Particle projected from above a dome

[TSny]

I think you have to be careful with that technique. In general, the minimum of the function $f(z) = g(z) + h(z)$ occurs when $g'(z) + h'(z) = 0$ and not when $g(z) = h(z)$. The GM of $\sqrt{g(z)h(z)}$ may be unrelated to the minimum value.

Yes, but in our case the GM is independent of $z$.

In our case, $x = az$ and $y = b/z$ with $a$ and $b$ positive numbers. So, the GM of $x$ and $y$ is GM = $\sqrt{ab}$ for all nonzero values of $z$. Hence the AM of $x$ and $y$ must be $\ge \sqrt{ab}$ for all $z$. $$ \text{AM} = \frac 1 2 (x + y) = \frac 1 2 (az + \frac b z) \ge \sqrt{ab}$$To see that the minimum value of the AM is, in fact, $\sqrt{ab}$, we note that it should be clear that there is a value of $z$ such that $az = b/z$ and, hence, $x = y$. When $x = y$, the AM of $x$ and $y$ equals the GM of $x$ and $y$. So, we can conclude that the minimum value of $\frac 1 2 (az + b/z) = \sqrt{ab}$.

I'm sure that's not the clearest argument. But I hope it makes sense.

 

[PeroK]

Yes, but in our case the GM is independent of $z$.

The technique works as long as the minimum occurs when the two functions are equal. Which is the case here. But, in general, it is not a valid technique for minimizing a function.

 

[TSny]

I agree, it's not a general method of finding a minimum. But, I think it's neat when it applies (which probably isn't that often).

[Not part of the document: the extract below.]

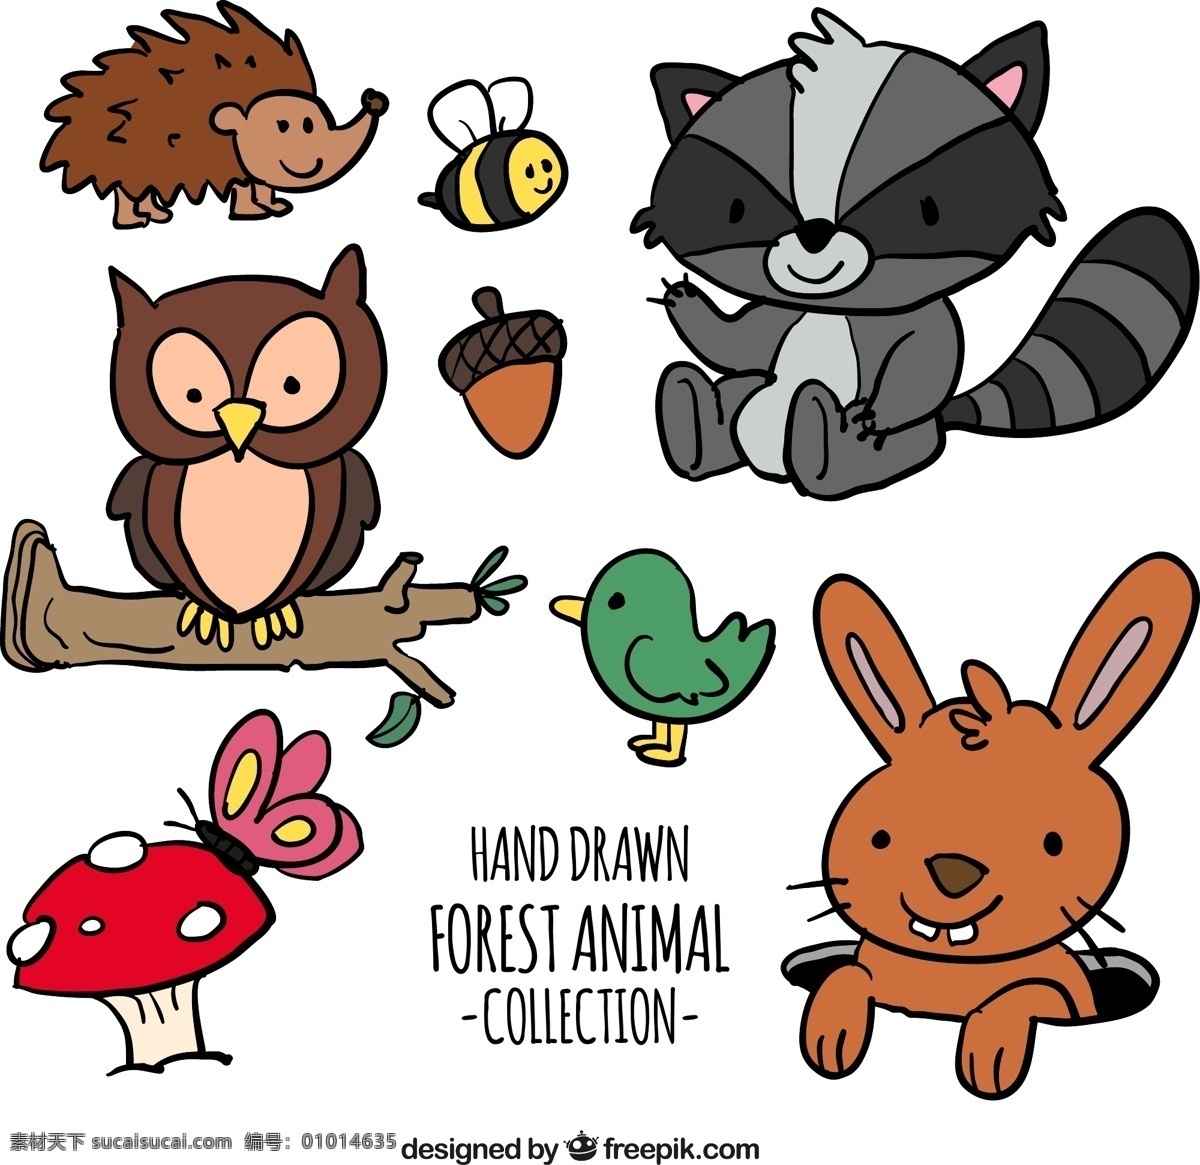 款 彩绘 森林 动物 矢量 卡通 手绘 刺猬 兔子 小鸟 可爱

Take $F(x) = \dfrac{8 \cot x}{\sqrt x} + 2 \sqrt x \tan x$

The product of the two terms is the constant 16. The first term monotonically decreases for $0 < x < \pi/2$ and the second term monotonically increases for $0< x < \pi/2$. So, there must be a value of $x$ in this range where the two terms are equal. So, we can use the AM-GM inequality to see that the minimum of $F(x)$ in this range is $2\sqrt{16} = 8$.

 

[PeroK]

I agree, it's not a general method of finding a minimum. But, I think it's neat when it applies (which probably isn't that often).

Take $F(x) = \dfrac{8 \cot x}{\sqrt x} + 2 \sqrt x \tan x$

It applies to any function of the form $af(x) + \frac b {f(x)}$ , which that one is.

 

[TSny]

It applies to any function of the form $af(x) + \frac b {f(x)}$ , which that one is.

Yes.

Edit: I think there is also the condition that the two terms $af(x)$ and $\dfrac b {f(x)}$ be positive.

 

[Steve4Physics]

It applies to any function of the form $af(x) + \frac b {f(x)}$ , which that one is.

Providing $af(x)$ and $\frac b {f(x)}$ are both positive in the domain of interest!

 

[PeroK]

Providing $af(x)$ and $\frac b {f(x)}$ are both positive in the domain of interest!

The main criterion is that their ranges overlap. I forgot to add that above.

 

[TSny]

The main criterion is that their ranges overlap. I forgot to add that above.

Yes, in my example I should have said that the first term decreases from $\infty$ to $0$ while the second term increases from $0$ to $\infty$ for $0<x<\pi/2$. Thus, there is an $x$ in this domain where the two terms are equal.

 

[Bling Fizikst]

In general $(a,b>0)$ , if $z>0$ then $$az+\frac{b}{z}\geq 2\sqrt{az\cdot\frac{b}{z}}=2\sqrt{ab}$$ If $z<0\implies -z>0$ then $$-az-\frac{b}{z}\geq 2\sqrt{-az\cdot\frac{-b}{z}} =2\sqrt{ab}\implies az+\frac{b}{z}\leq -2\sqrt{ab}$$